How to turn Ukraine refugee problem into NetZero opportunity

Perhaps Ukraine will be kinder to its minorities in future

Ukrainian citizens deserve our help right now – in any way we can. But the country is not entirely blameless. It has been discriminating against minorities for some time, including alleged pogroms against the Roma population (according to Al Jazeera reports in 2018 and later).

At least 200,000 Ukrainians are headed to the UK, and the makeshift arrangements proposed by Cabinet Minister Michael Gove are well-meaning, but unlikely to suffice if the beleaguered country’s Russian occupiers settle in for the medium or long-term.

A rural retreat, however, could be the ideal tonic for a war-weary Ukrainian family when they first land here in the UK. If I was a Ukrainian, I would certainly favour Devon over London at a time when Putin has publicly placed the UK capital firmly at the top of his nuclear hitlist.

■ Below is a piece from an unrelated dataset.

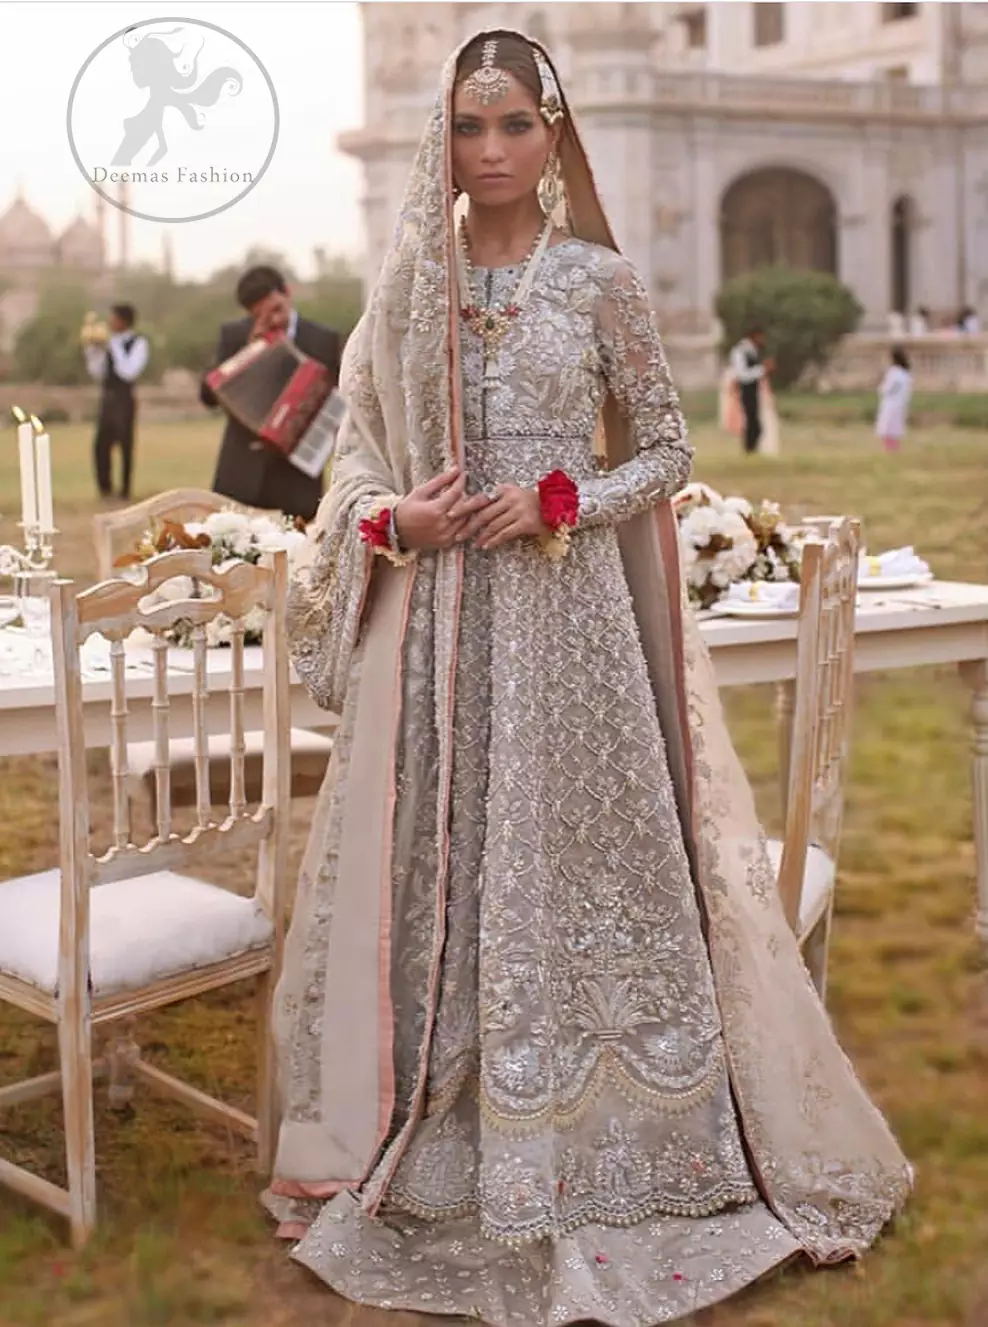 This outfit is a timeless beauty.It is heavily embellished with silver gold kora dabka, Sequins and swaronski crystals.This exquisite Pishwas is fully decorated with floral motifs patterns all over it.It is further enhanced with Foral thread embroidery.The trimming border of pishwas is ornamented with small golden pearls. It comes with embellished lehengha which has small sized sprinkled floral motifs all over.This Outfit is beautifully coordinated with matching Dupatta with heavy embroidered borders.
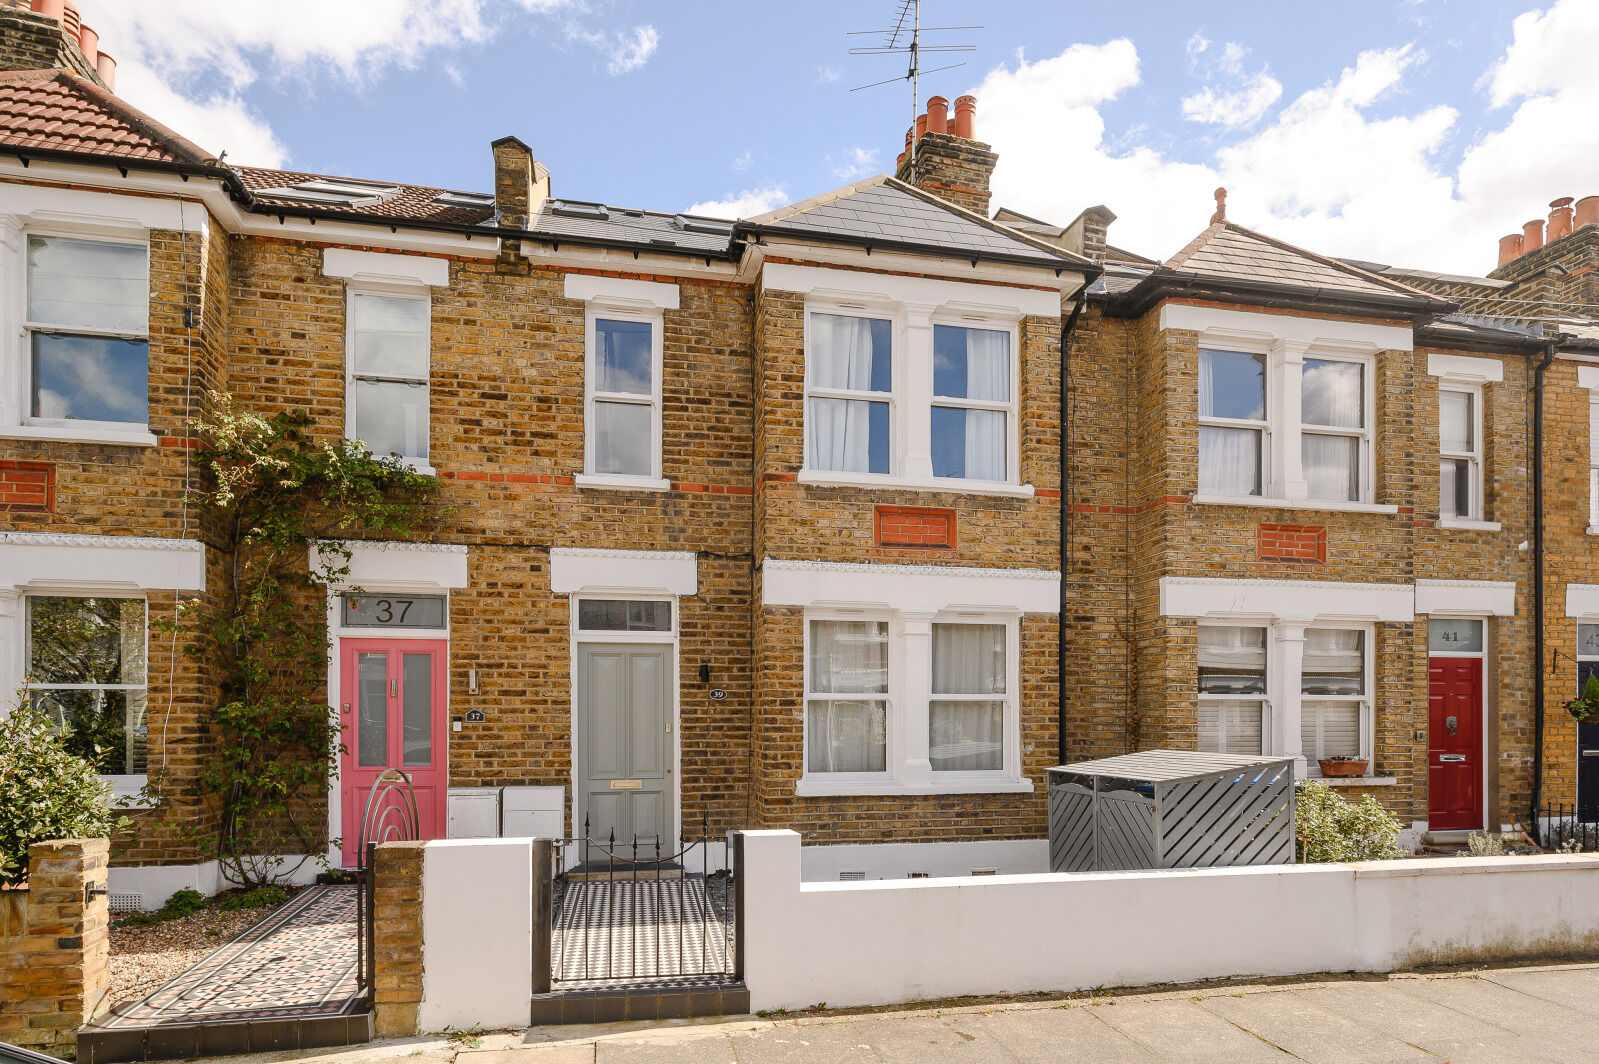 3 bedroom mid terraced house for sale Cecil Road, London, SW19, main image

How could local communities assist the refugees, beyond making their spare rooms available for a few weeks or months? Perhaps the first formality to be completed is to clarify at a parish council level that large Ukrainian settlements are welcome in the area.

As levelling up minister, Gove is also responsible for a major reform currently underway – the empowerment of parish councils – 10,000 of them in the UK are set to become the basic building blocks of community decision making. Its part of the Brexit pledge of taking back control. Gove’s White paper, published last month, aims to give people a “sense of control in their own communities,” according to Danny Kruger, MP.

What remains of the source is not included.